Erdoğan ile Putin arasında Moskova’daki görüşme 1 saat 50 dakika sürdü. Görüşmede, Dışişleri Bakanı Mevlüt Çavuşoğlu, Milli Savunma Bakanı Hulusi Akar, Enerji ve Tabii Kaynaklar Bakanı Fatih Dönmez, Tarım ve Orman Bakanı Bekir Pakdemirli, MİT Başkanı Hakan Fidan, Cumhurbaşkanlığı İletişim Başkanı Fahrettin Altun ile Cumhurbaşkanlığı Sözcüsü İbrahim Kalın da bulundu.

PUTİN’İN AÇIKLAMASI

“Suriye topraklarındaki terörist grupların faaliyetlerine son verilmesi ile ilgili konular da görüşüldü. Özellikle, İdlib’de silahsızlaştırılmış bir bölge oluşturulması konusundaki RusTürk mutabakatının nasıl uygulandığını görüştük. Rusya ve Türkiye savunma bakanları İdlib’le ilgili ek görüşmeler gerçekleştirdi, işbirliği yapma konusunda anlaştı. Rusya ve Türkiye’nin İdlib bölgesindeki istikrarın sağlanması için hangi ek adımları atabileceği konusunda bilgi paylaşımı yaptık.”

“Türk dostlarımızın menfaatlerine özellikle güvenliğin sağlanması noktasında saygı duyuyoruz. Bugün çok ayrıntılı bir biçimde İdlib konusunu görüştük. Türk meslektaşlarımız, mutabakatlarını yerine getirmek için ellerinden geleni yapıyor. Tabii ki orada sorunlar var, biz bunları görüyoruz ama Türk meslektaşlarımızla önümüzdeki dönem neler yapılması gerektiği konusunda görüştük ve anlaşmaya vardık. Bizim ortak fikrimiz, bütün teröristlerle mücadele edilmesi gerekliliği. Anayasa komitesi ise çok önemli bir alan. Sahada başarılarımız uzun vadede sadece siyasi ve diplomatik yollarla çözülmesi mümkün. Suriye’de bütün taraflar arasında diyalog kurulması lazım. Bütün taraflar samimi bir istek göstermelidir.”

“Amerikan birliklerinin Suriye topraklarındaki varlığı yasal değil. Onların orada bulması için uluslararası hukuk bakımından herhangi bir gerekçe yok. Ne meşru hükümetin daveti ne de BM Güvenlik Konseyi’nin (BMGK) kararı söz konusu.”

“ABD yönetiminin Amerikan askerlerini ülkenin kuzeydoğusundan çekme niyetinin Suriye’de gelecekteki gelişmeleri ne şekilde etkileyeceğini konuştuk. Bu kararlar gerçekten uygulanacak olursa, bu olumlu bir aşama olacak, Suriye’nin şu an Kürtlerin kontrolünde bulunan bu gergin bölgesindeki istikrarın sağlanmasına katkıda bulunur.”

“Şam’ın Kürtlerin temsilcileriyle diyalog kurmasını destekliyoruz.

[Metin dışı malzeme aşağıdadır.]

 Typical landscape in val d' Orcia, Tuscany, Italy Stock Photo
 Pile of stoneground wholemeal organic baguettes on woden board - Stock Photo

Böyle bir diyalog, Suriye toplumunun beraberliğine ve ulusal barışa katkı sunacak, sadece Suriye’nin değil tüm komşu ülkelerin de yararına olacak.”

“Rus ve Türk diplomatların İranlı meslektaşlarıyla ile tam temas halinde Suriye anayasa komitesinin içinde yer alacak olanlar ile ilgili mutabakat için ciddi bir çalışma yaptığını, İstanbul’da Fransız ve Alman tarafıyla varılan tüm anlaşmaları yerine getirdiklerini hatırlatmak isterim.”

‘RUSYA İLE SORUN YOK’

“Güvenli bölge konusunda başta liderler olmak üzere ilgili bakan arkadaşlarımız görüşmelerini devam ettiriyorlar. Bu konuda bizler için tehdit oluşturan bölgelerin hassasiyeti büyük önem arz ediyor. Tehdit oluşturan bölgelerdeki tedbirleri alma noktasında Amerika olumlu yaklaşımını bizlere zaten ifade etti. O da bildiğiniz gibi yaklaşık bir 3032 kilometre derinliğinde bir bölge idi. Bu konuyla ilgili Rusya ile de herhangi bir sıkıntımız yok. ABD’nin çekilme sürecinde, terör örgütlerinin istismar edebileceği bir boşluğun doğmaması kritik önemdedir.”

“Gerek İdlib Mutabakatı’nın, gerekse 4’lü Suriye Zirvesi’nin sonuçlarının uygulanmasının takibini yaptık. İdlib başta olmak üzere arazideki gelişmeleri gözden geçirdik. ABD’nin çekilme kararı üzerinde değerlendirmeler yaptık. Türkiye ve Rusya iş birliği, Suriye’nin barış, güvenlik ve istikrarı açısından mihenk taşıdır.”

“Türkiye olarak yegane amacımızın başta DEAŞ olmak üzere PYD/YPG gibi terör örgütlerinin temizlenmesi görevimizi özellikle ifade ettim. Bunları kimin desteklediğini, kimin provoke ettiğini de gayet iyi biliyoruz. Türk Rus iş birliğini dinamitlemeyi hedefleyen, özellikle terör örgütlerine karşı da ortak bir mücadelenin gereğini ifade etmek istiyorum.”